Dilanjutkan : “Syekh Ubaid memerangi nafsunya dengan keadaan ini, hingga daulah dan penghuninya menjadikannya sebagai pengemban qada’. Beliau melalui kehidupannya dengan khumul hingga akhir hayatnya. Kemudian beliau di bolehkan untuk tidak memegang qada’ lagi, sehingga dapat konsentrasi dalam beribadah, setelah itu melakukan perjalanan untuk meminta tahkim .
-    Syekh Abdurrahman bin Ahmad Ba Abbad.
Penulis biografinya mengatakan seputar sosoknya  sebagai berikut : “ Beliau adalah Syekh al Kabir al Salik al Nasik al Mujahid al Zahid sisa dari hamba Allah yang zuhud, beliau adalah rahmat bagi sekalian alam Wajihuddin Abdurrahman bin Ahmad Abbad . Hubungan Syekh Ubaid dengan beliau bermula dari sela-sela kunjungannya ke Ghurfah Ba Abbad, beliau belajar darinya, mendapatkan ijazah, talbis, dan kebenaran cinta, beliau adalah seorang Syekh yang agung dan figur suri tauladan.
     Mengenai jalinan hubungan keduanya penyusun riwayat hidupnya berkata : “Di antara Syekh Ubaid dan Syekh Abdurrahman terdapat mujalasah dan inayah semenjak lama. Tampak pada diri Syekh Ubaid kemurnian cinta dan jalinan yang erat, beliau berada di rumahnya sampai sebulan dan dua bulan bahkan tiga bulan disertai gurunya Syekh Rabi’, waktu-waktunya merupakan kebagaian dan ketentraman yang tiada terkira dengan keutuhan cinta yang tidak retak.

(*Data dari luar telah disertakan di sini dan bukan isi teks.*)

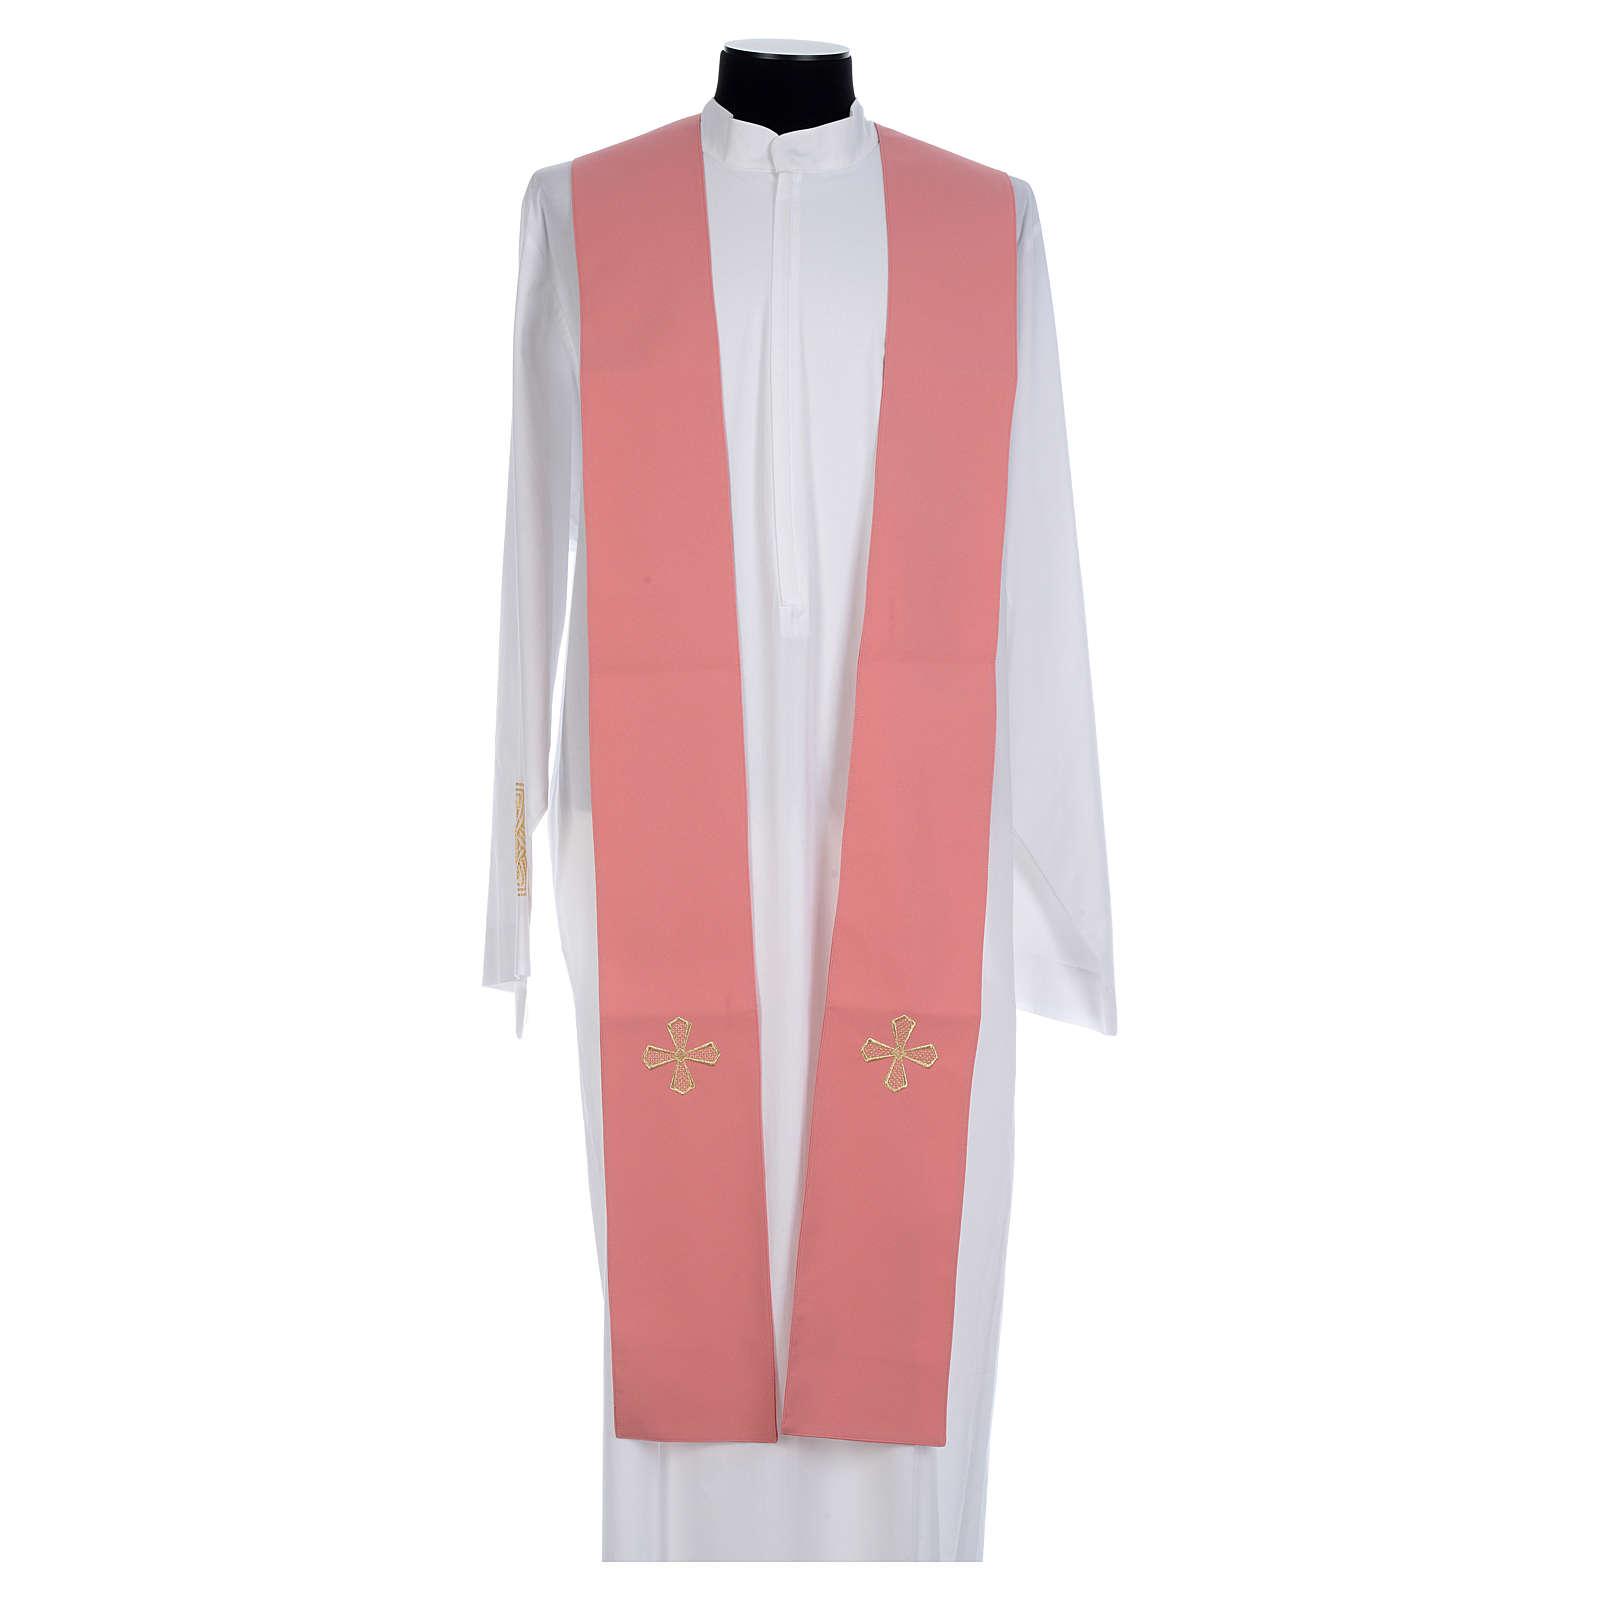 Casula cor-de-rosa 100% poliéster bandas aplicadas tecido cruz bordada 4

      Perasaannya menyatakan tentang halnya, muncullah perasaan yang seakan-akan bersumber dari satu hati, hal tersebut disebabkan oleh kemurnian cinta. Adapun kebiasaan dari Syekh Abdurrahman Ba Abbad adalah ketaatan dan mujahadah dalam beberapa ibadah, membaca ratib, wirid dan berdoa untuk sekalian umat Islam, menyenangi orang-orang pilihan, sosoknya terkesan khumul, berpuasa, semua waktunya hanya untuk beribadah, beliau pernah ditanya tentang hal itu dan bekata : “Aku berkata kepada nafsuku jaraknya tidak jauh, sabarlah hari ini wahai nafsuku, karena aku tidak tahu apa yang akan terjadi malam ini, bangun malamlah kerena aku tidak tahu apa yang akan terjadi esok hari, beliau menjalani dengan keadaan seperti ini, mengekang dirinya di masjid disertai bacaan alQuran, dzikir, wirid, hingga beliau memiliki kedudukan yang agung .     
-    Syekh Abu Bakar bin Salim “Sahib Iynat”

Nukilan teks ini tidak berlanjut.